Department of Internal Medicine, SCL Health, Denver, Colorado, USA
Department of Medicine, University of Colorado, Denver, Colorado, USA.
BMJ Case Rep. 2020 Jun 1;13(6):e231875. doi: 10.1136/bcr-2019-231875.
Neurotoxicity is an unusual side effect of carbapenems, and it has been reported most commonly presenting as seizures, encephalopathy and hallucinations. Ertapenem neurotoxicity most classically presents as seizures in patients with end-stage renal disease (estimated glomerular filtration rate (eGFR) <30 mL/min/1.73 m). We present a patient with a baseline eGFR of 30-59 mL/min/1.73 m with acute kidney injury who developed non-seizure neurotoxicity after ertapenem exposure. This patient is a middle-aged Caucasian man who received intravenous ertapenem for treatment of empyema. Although the empyema improved, he developed delirium beginning on day 7 of ertapenem. The delirium progressed to constant agitation and visual hallucinations requiring transfer to the intensive care unit with eventual intubation for airway protection. No improvement in mental status was observed with cessation of other medications. Ertapenem was discontinued and within 24 hours, he was extubated, and his mental status returned to baseline. He was discharged from the hospital the following day. The timely resolution after ertapenem discontinuation makes ertapenem-induced encephalopathy the most likely explanation for this patient's course.

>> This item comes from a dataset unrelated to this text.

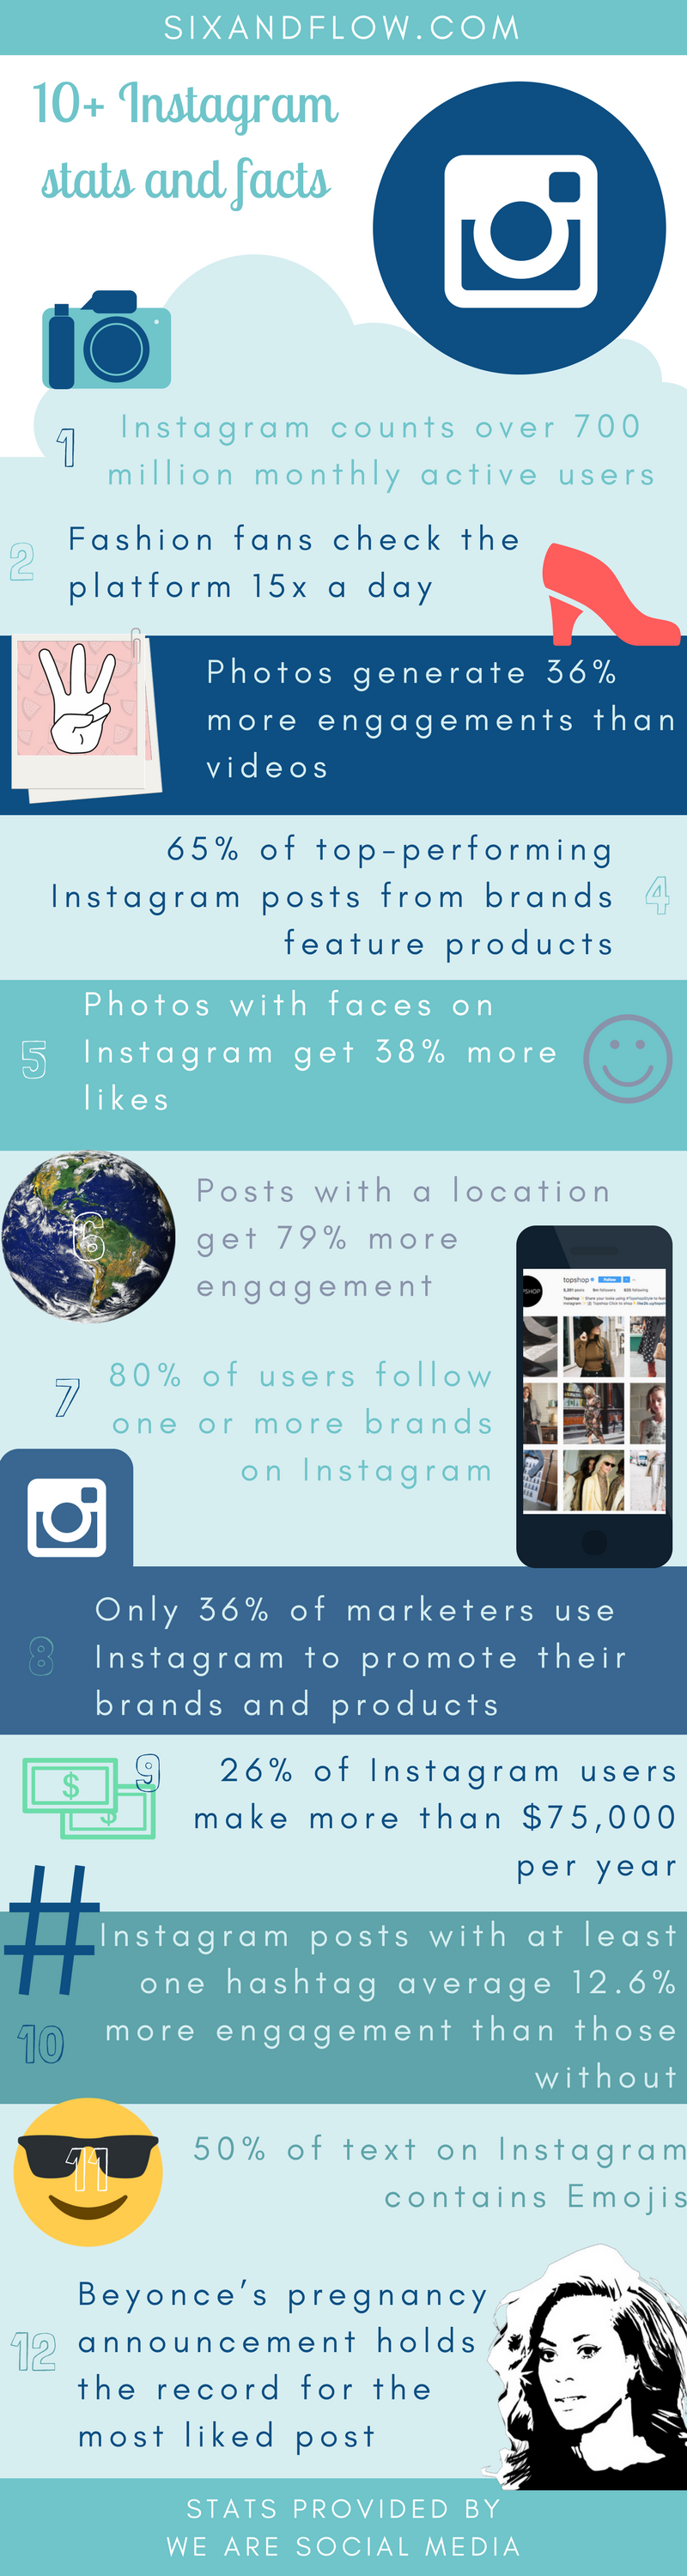 10+ Instagram stats and facts.png

神经毒性是碳青霉烯类药物的一种不常见的副作用,最常报道的表现为癫痫、脑病和幻觉。厄他培南神经毒性最典型的表现为终末期肾病(估计肾小球滤过率[eGFR]<30 mL/min/1.73 m )患者的癫痫发作。我们报告了一例基线 eGFR 为 30-59 mL/min/1.73 m、急性肾损伤的患者,在使用厄他培南后发生非癫痫性神经毒性。该患者为中年白人男性,因脓胸接受静脉注射厄他培南治疗。尽管脓胸有所改善,但他在厄他培南治疗的第 7 天开始出现意识模糊。意识模糊进展为持续躁动和视幻觉,需要转入重症监护病房,最终进行气管插管以保护气道。停止其他药物后,精神状态没有改善。停止使用厄他培南后 24 小时内,患者拔管,精神状态恢复基线水平。他第二天出院。厄他培南停药后及时缓解,使厄他培南诱导的脑病最有可能解释该患者的病程。